Learning $M^{\ast}$ requires the model to find the optimal mapping $m^{\ast}_{t-1}: \mathcal{X} \times \mathcal{Y} \rightarrow \mathcal{X} \times \mathcal{Y}$ that minimizes the distance of the joint distributions $\mathcal{D}_{JS} \left( P^{X,Y}_{D_t} \parallel P^{X,Y}_{D^{M^{\ast}}_t} \right)$ for all $t \in \{1,\cdots, T\}$. To this end, we first minimize the distance of output distribution between the two domains $D_t, D_{t-1}$, then find an optimal mapping function in input space $\mathcal{X}$. That is, minimizing the distance of joint distributions in output and input space separately.
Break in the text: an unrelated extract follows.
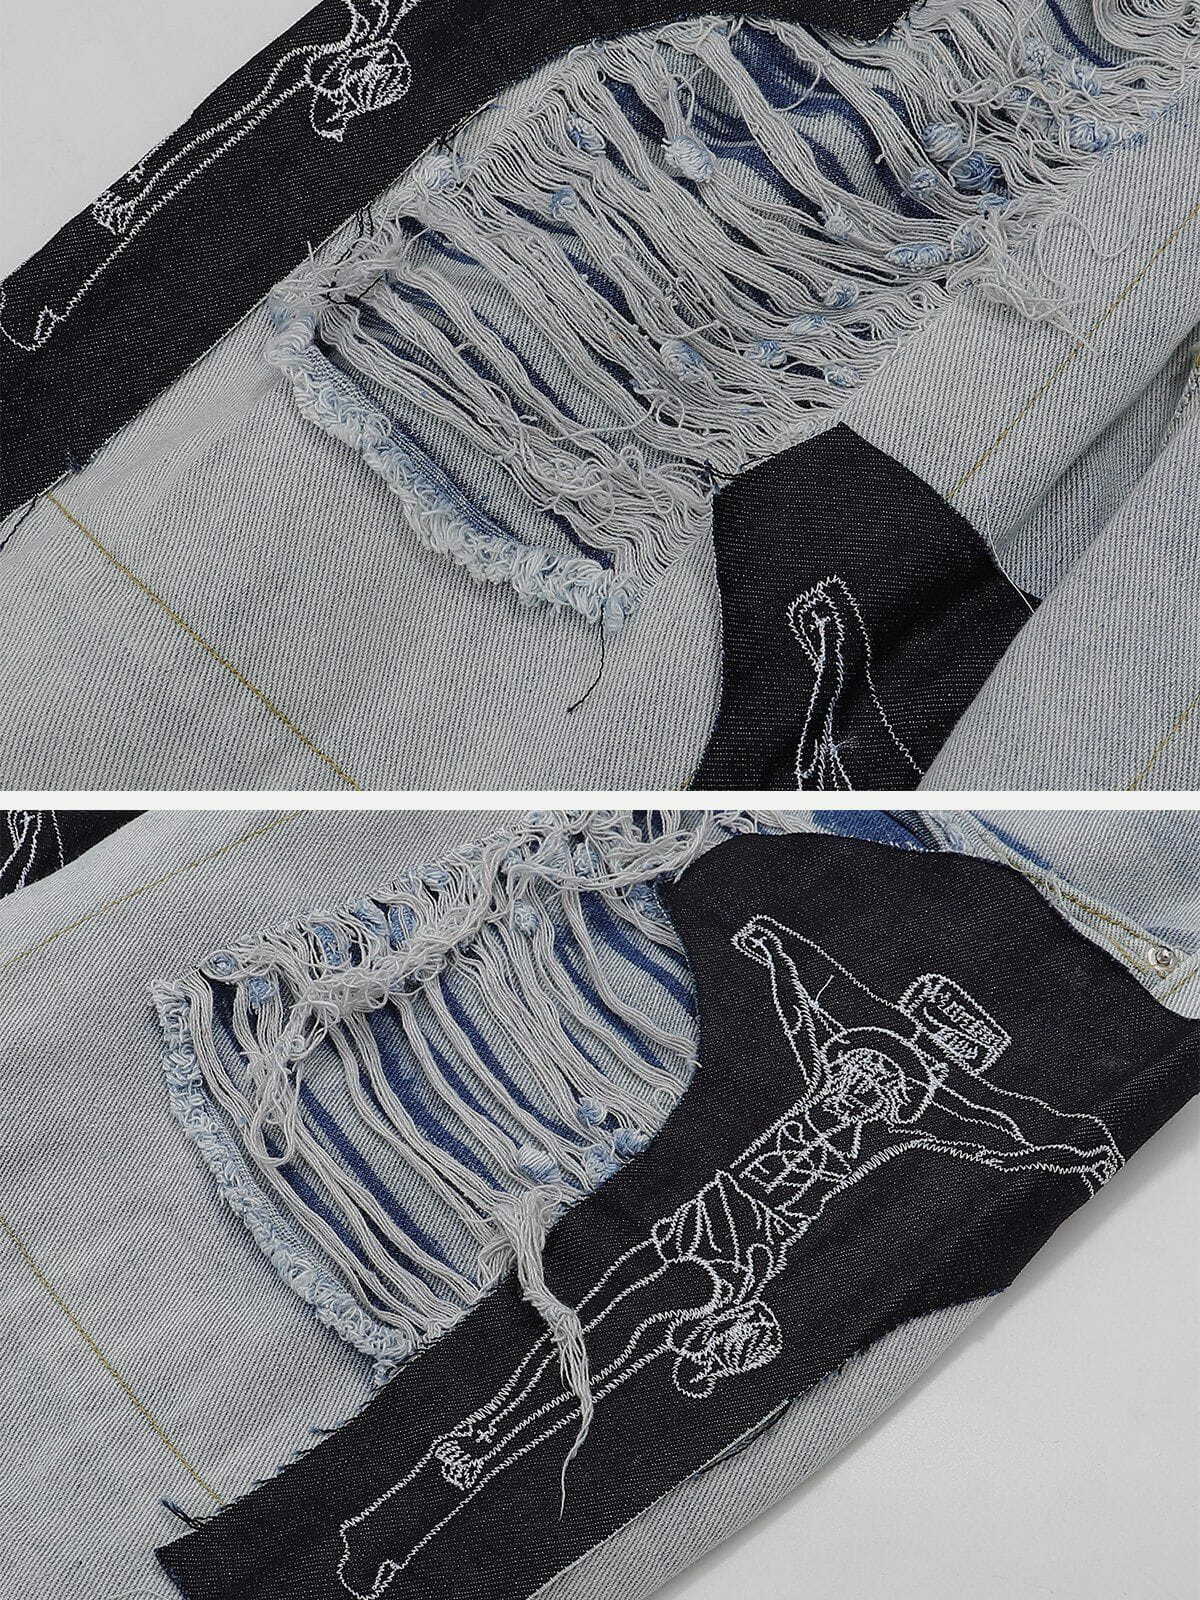 revolutionary patchwork jeans edgy & distinctive streetwear 7044
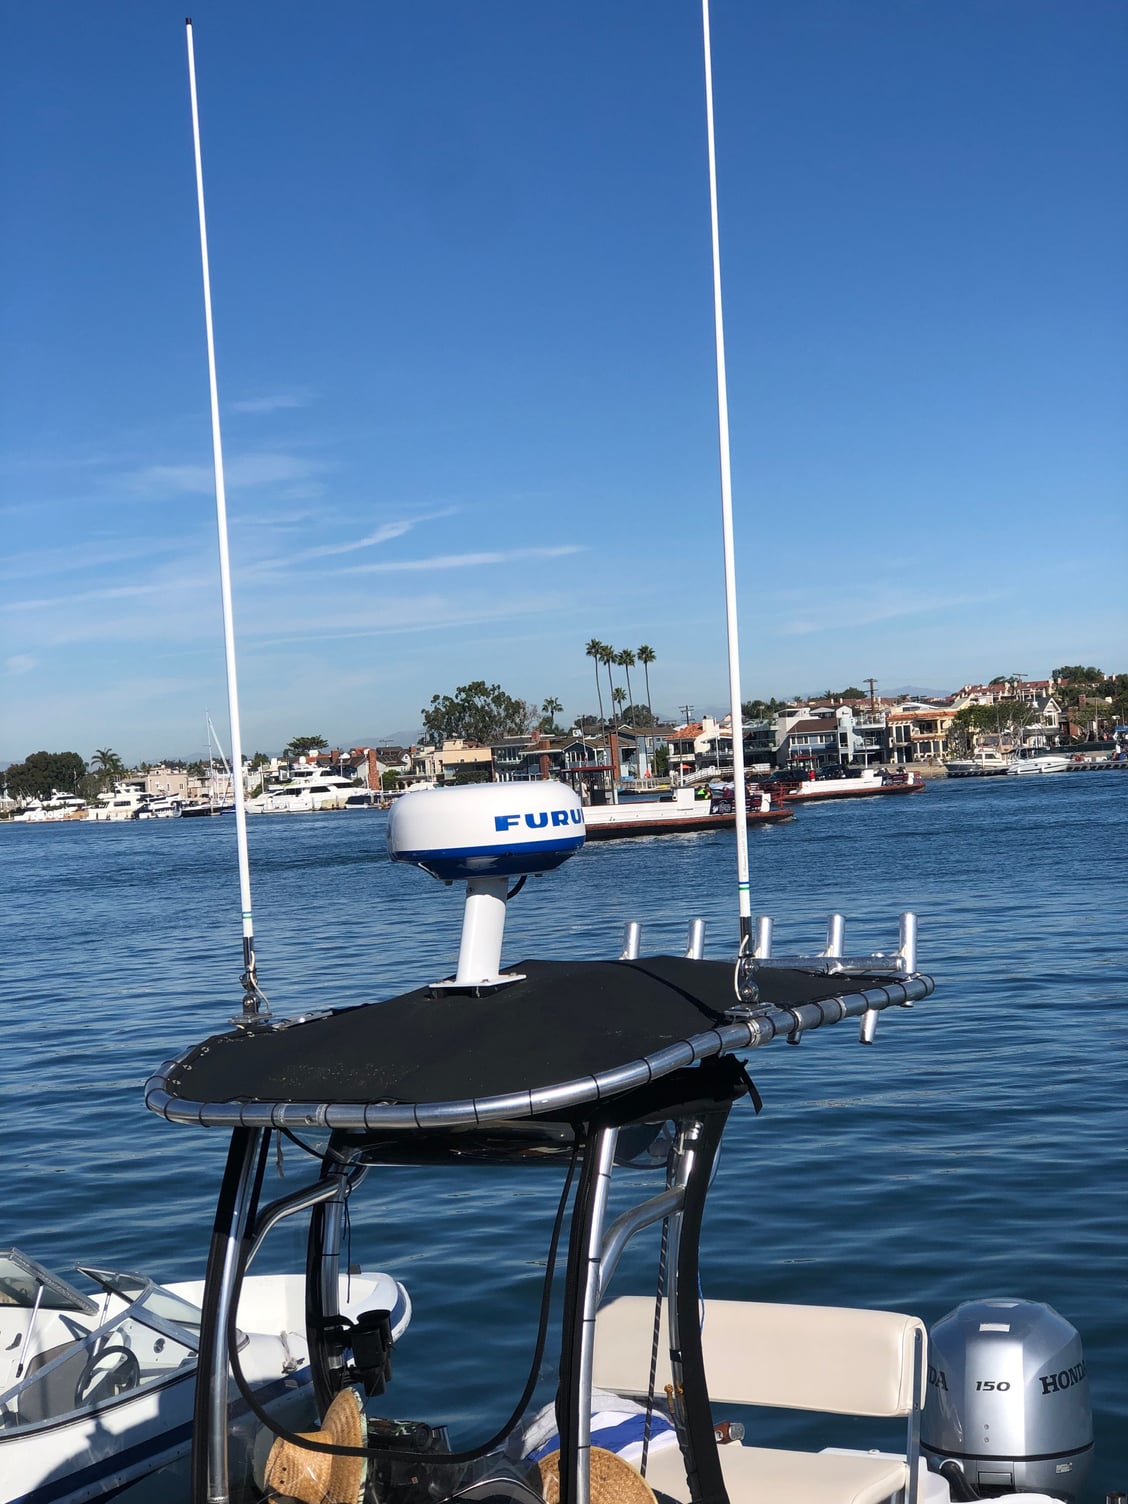 Garmin radar install do i need a wedge - The Hull Truth - Boating and Fishing  Forum

This approach is formally stated in Proposition~\ref{thm-3} below.  
\begin{proposition}\label{thm-3}
Let $P^{X,Y}_{D^{W}_{t-1}}$ be the distribution induced from $P^{X,Y}_{D_{t-1}}$ by importance weighting with factors $\{w_y\}_{y \in \mathcal{Y}}$ where $w_y = P^{Y=y}_{D_t} / P^{Y=y}_{D_{t-1}}$ (i.e., $P^{X=x,Y=y}_{D^{W}_{t-1}} = w_y \times P^{X=x,Y=y}_{D_{t-1}}$). Then for any mechanism $M$ that generates  $\left \{ m_t: \mathcal{X} \to \mathcal{X} \right \}_{t \in \mathbb{N}}$, we have the following:
\begin{align*}
    \mathcal{D}_{JS} \left( P^{X,Y}_{D_t} \parallel P^{X,Y}_{D_{t}^{W,M}} \right) = \mathbb{E}_{y \sim P^Y_{D_t}} \left [ \mathcal{D}_{JS} \left( P^{X|Y}_{D_t} \parallel P^{X|Y}_{D^{W,M}_{t}} \right) \right ]
\end{align*}
where $P^{X,Y}_{D^{W,M}_{t}} = m_{t-1} \sharp P^{X,Y}_{D^W_{t-1}}$ is a push-forward distribution induced from $P^{X,Y}_{D^W_{t-1}}$ using $m_{t-1}$.
\end{proposition}

\begin{figure}
  \begin{center}
    \includegraphics[width=0.4\textwidth]{figs/input_vs_representation.png}
  \end{center}
  \caption{Visualization of learning non-stationary mapping between two domains $D^W_t$ (i.e., generated from $D_{t+1}$ by importance weighting) and $D_{t+1}$. (a) Learning in input space $\mathcal{X}$. (b) Learning in representation space $\mathcal{Z}$.}
  \label{fig:1}
\end{figure}

Proposition~\ref{thm-3} suggests 2-step approach to learn $m_t: \mathcal{X} \times \mathcal{Y} \rightarrow \mathcal{X} \times \mathcal{Y}$: (i) reweight $P^{X,Y}_{D_{t-1}}$ with factors $\{w_y\}_{y \in \mathcal{Y}}$ (i.e., to minimize the distance of output distribution between $D_t, D_{t-1}$); (ii) learn $m_t: \mathcal{X} \rightarrow \mathcal{X}$ that minimizes the distance of conditional distribution $\mathcal{D}_{JS} \left ( P^{X|Y}_{D_t} \parallel P^{X|Y}_{D^{W,M}_{t}} \right )$.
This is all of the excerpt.